Hi everyone,
Please excuse the slight lateness of this newsletter. I’ve found myself unexpectedly at sea. Well, unexpectedly is maybe the wrong word. I didn’t wake up tied to the mast of a pirate ship. I was asked last minute to return to this year’s JoCo Cruise as a replacement for the brilliant Maria Bamford, who got sick and had to cancel. (Best wishes to Maria for a speedy recovery!!) I’m excited to be back on the ship for the second year in a row (more on that next week, I’m sure), but it was a little hectic getting here.
Last week, I had to move around a bunch of things to make this travel possible, all while zipping out to Chicago for a Wait Wait…Don’t Tell Me taping, which was a ton of fun. Then I came home for four hours before leaving again for the airport.
Maris and I landed in Ft. Lauderdale at 11:30pm on Friday, and around midnight, after everyone else on our flight had snatched their checked bags from the carousel, I had the feeling that mine might not be emerging from the airport’s churning maw after all. My hunch was correct; my bag was still in New York. It felt…real bad. There was a significant chance that I was going to have to get on the ship with just the shirt on my back, the pants on my legs, the socks on my feet, and the underwear on my butt.

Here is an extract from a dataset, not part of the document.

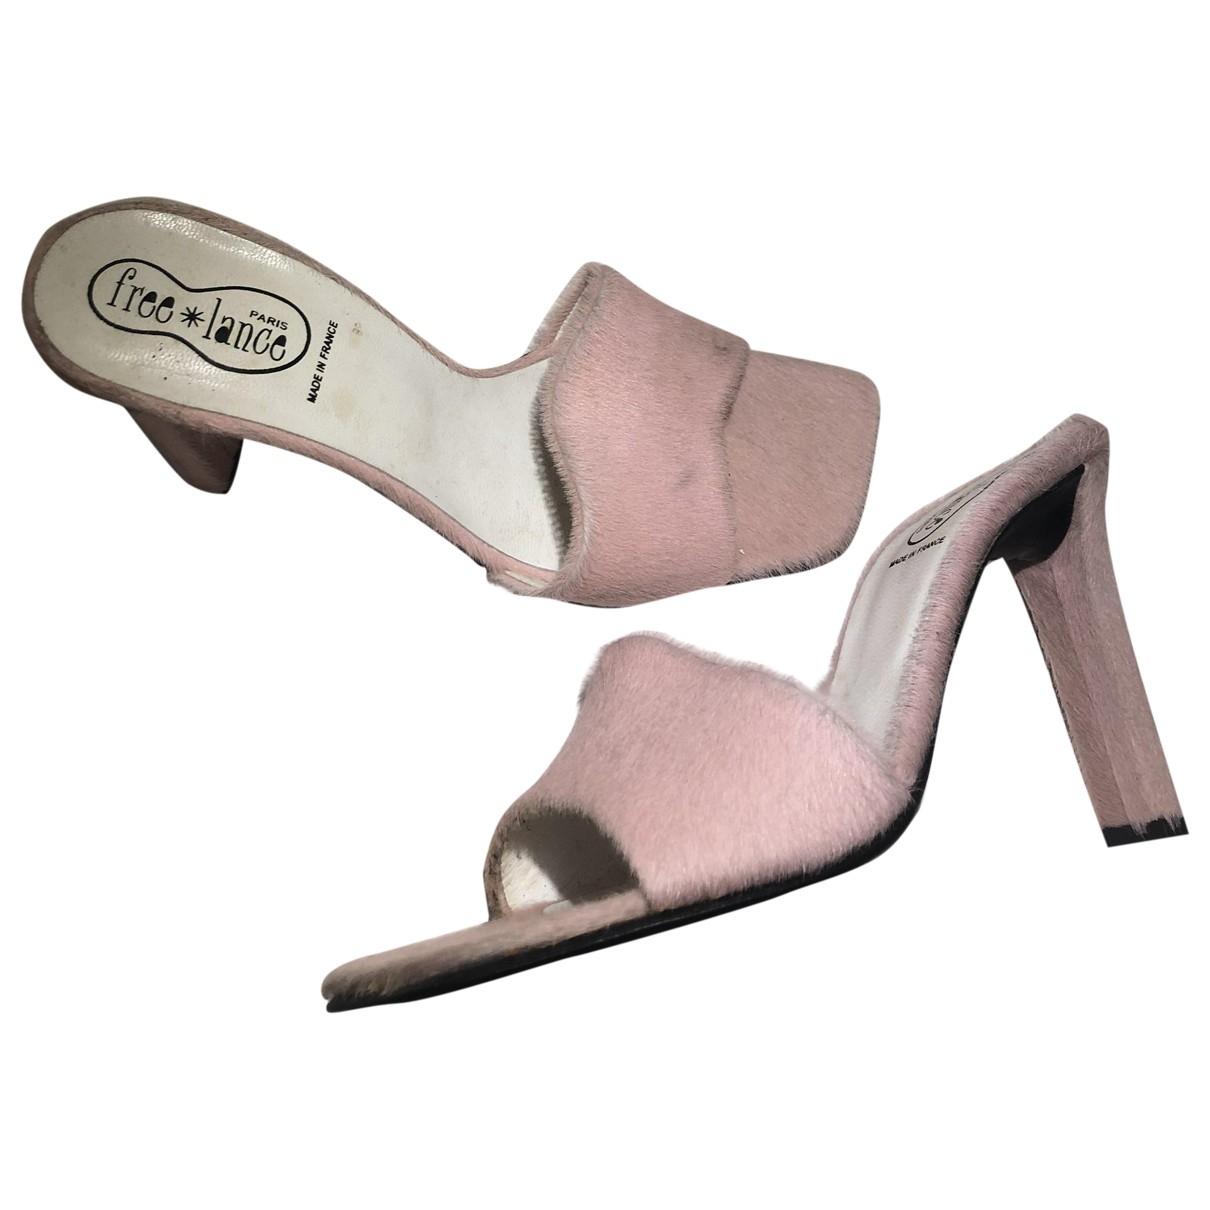 Sandalias de Piel de potro de imitacion Free Lance

Nine hours later, thanks to the helpfulness of several JetBlue employees (counteracting, presumably, one employee’s unhelpfulness), my bag arrived at the Ft. Lauderdale airport. I hopped in a shuttle, grabbed the bag, took a taxi back to the hotel, and boarded a different shuttle which took me to the ship. What a relief it is when a problem is solved on a relatively short timeline and incurs a relatively small expense. For the cost of $20 (one cab ride) and smelling slightly funky (on account of wearing the same clothes from Chicago to New York to Florida), everything got set straight. I’m more of a lingering uncertainty guy most of the time, so it honestly felt incredible for something that went awry to so quickly be returned to order. Not to be controversial, but I think we should solve more problems quickly and effectively.
A few miscellaneous items of business before we get started in earnest…
Congratulations to Friend of the Newsletter Cord Jefferson on his Oscar win!
Thanks to Andy and Chris for having me on the sold out Bugle live show in Cambridge which I was able to participate in remotely from a boat thanks to the marvels of modern technology! I’ll be telling jokes on the 3/28 Edinburgh show via Zoom as well!
I’ll be guest co-hosting Butterboy at Littlefield with my friend Maeve Higgins every Monday night in April! Fun!
Oh also! I’m hosting the New York ceremony of the Writers Guild Awards on April 14th! Maybe it’ll be broadcast online? I’ll find out! I’m really psyched, and as I previously said on the record: It was an honor to be asked, and even more of an honor after I was assured it wasn’t because several actually famous people said no before they decided to ask me.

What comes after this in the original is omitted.